# Sheep sounds



## secuono

Can anyone give me a list of sounds and calls sheep make and what they mean?
I've only heard two from my sheep. A very low burp like noise when they loose contact and a much louder 'beeh' noise that I don't know what it means. That one I've only heard 3 times.


----------



## Beekissed

I'm not really sure of what they mean, but I've only heard my gals make a few different sounds.

One is the low "chuckle" of ewe to lamb...I LOVE this one!  The other is the high pitched baaaaaah they call if they are missing one of their own and are calling to them.  This I've heard when the flock is separated from one another or feeling in danger.  

My sheep were on pasture and self-feeding hay setups, so I didn't have to listen to them calling for food, like I've heard elsewhere~that baaaaahing seems to be more rhythmic and insistent.


----------



## RustyDHart

When I need my sheep to come up to the barn or into another pasture...I just give a loud, sharp whistle with my fingers and they all come running...(not spoiled at all)......when they're jogging up to me they make a certain sound....and it's pretty much the same sound the ewes make when they are calling their lambs over to them from across the field to nurse....I think the sound they make in these two situations means:   FOOD!!!!!!!!!!    My brother does sometimes call me "Dr.
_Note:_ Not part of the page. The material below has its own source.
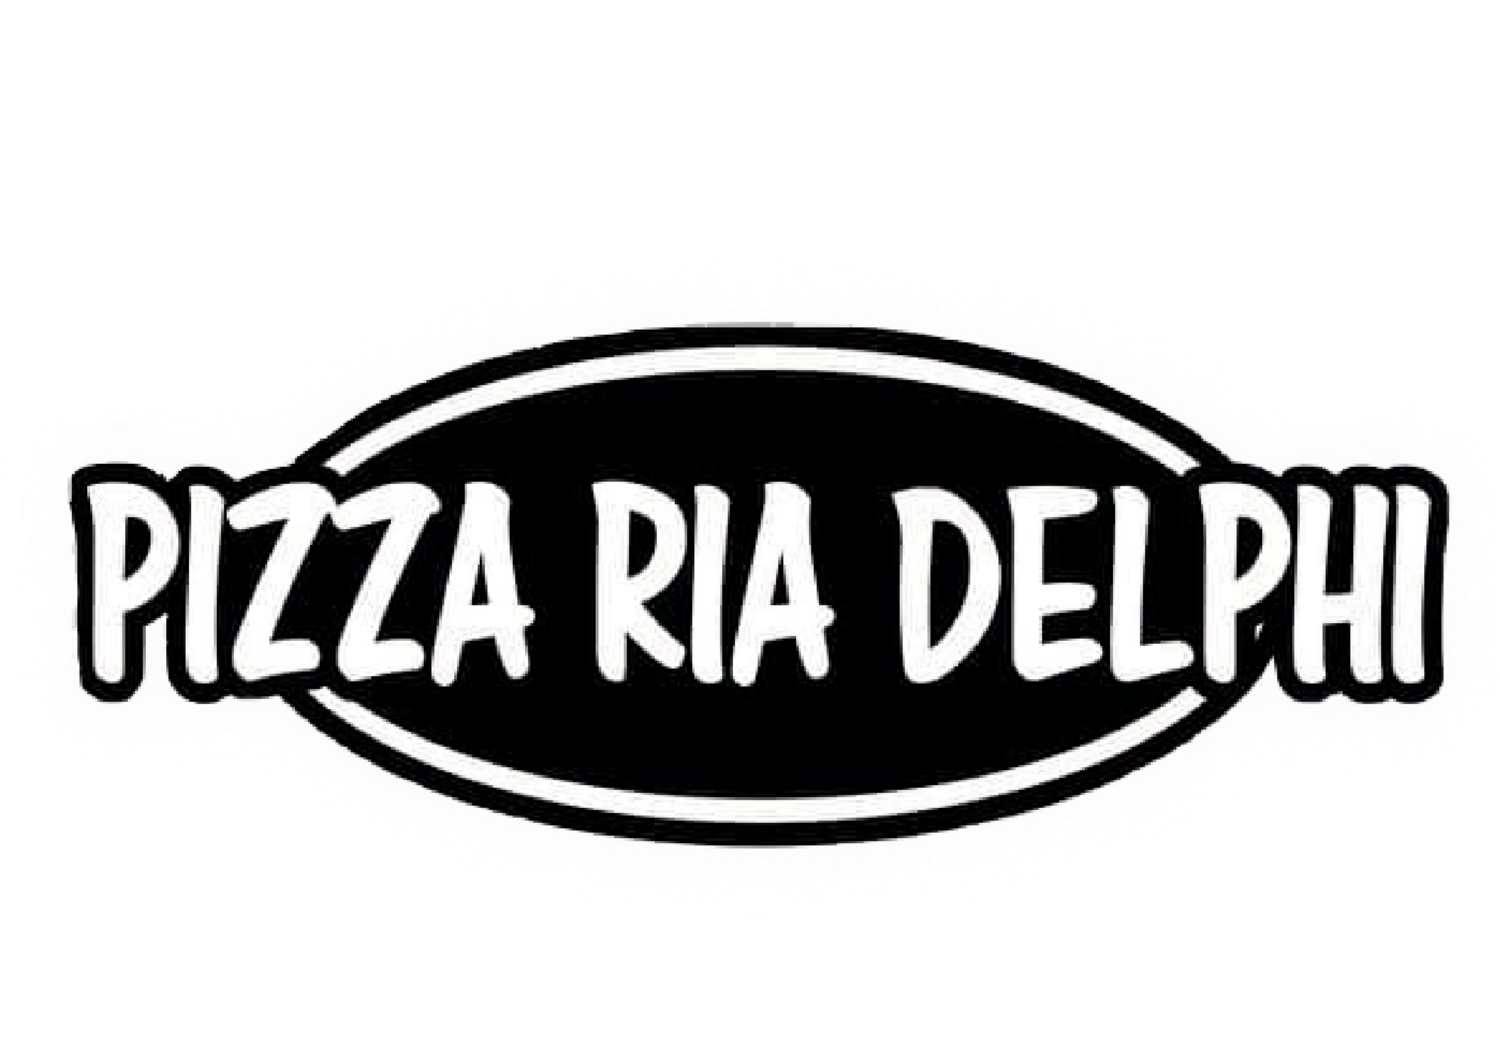 Pizza Ria Delphi

Doolittle".....but I don't quite have all of the sheep vocabulary down yet......    I've studied different languages...but I'm still working on "Sheep 101"....    Very interesting topic.....


----------



## Beekissed

I used a sound too....I'd call, "Sookey-sookey!!!" and they'd come running and make that sound you described!  My girls now live at their original home and have done so for almost a year now, but I can still call out those words when I visit them and they will turn, run a few feet in my direction and watch me closely.


----------



## RustyDHart

That's too funny!.....I thought I was the only one....   I sometimes call out to them...WOOLERS!......SHEEPERS!.....   I think they come to pretty much anything if they see me and think they are going to get some treats.....   I do recognize some of them by their voices.....   I also like the little growl that they use sometimes when another sheep is too close to them when they want their space to eat.   Right now their thing is Apples....I have an orchard loaded......and they act like spoiled kids when I don't pay attention to them and throw a few over the fence to them......the sounds they make are like a babie's tantrum.......ooooooo...waaaaaaah.....!!!!   You'd think they were starving to death.....:/.   I would rather have them friendly and wanting me...than stand offish and running away from me scared to death.   Like children...I think it's the way they are raised.......    My two cents for the day......   Keep talking to those sheep....they know what you're saying!!!   Rusty


----------



## secuono

I call them Sheepies and they always look up. When I go down the isle of the barn, one sheep will come up behind me. I scoop up some grain and another shows up and when I turn around the last is there smiling at me for their share. 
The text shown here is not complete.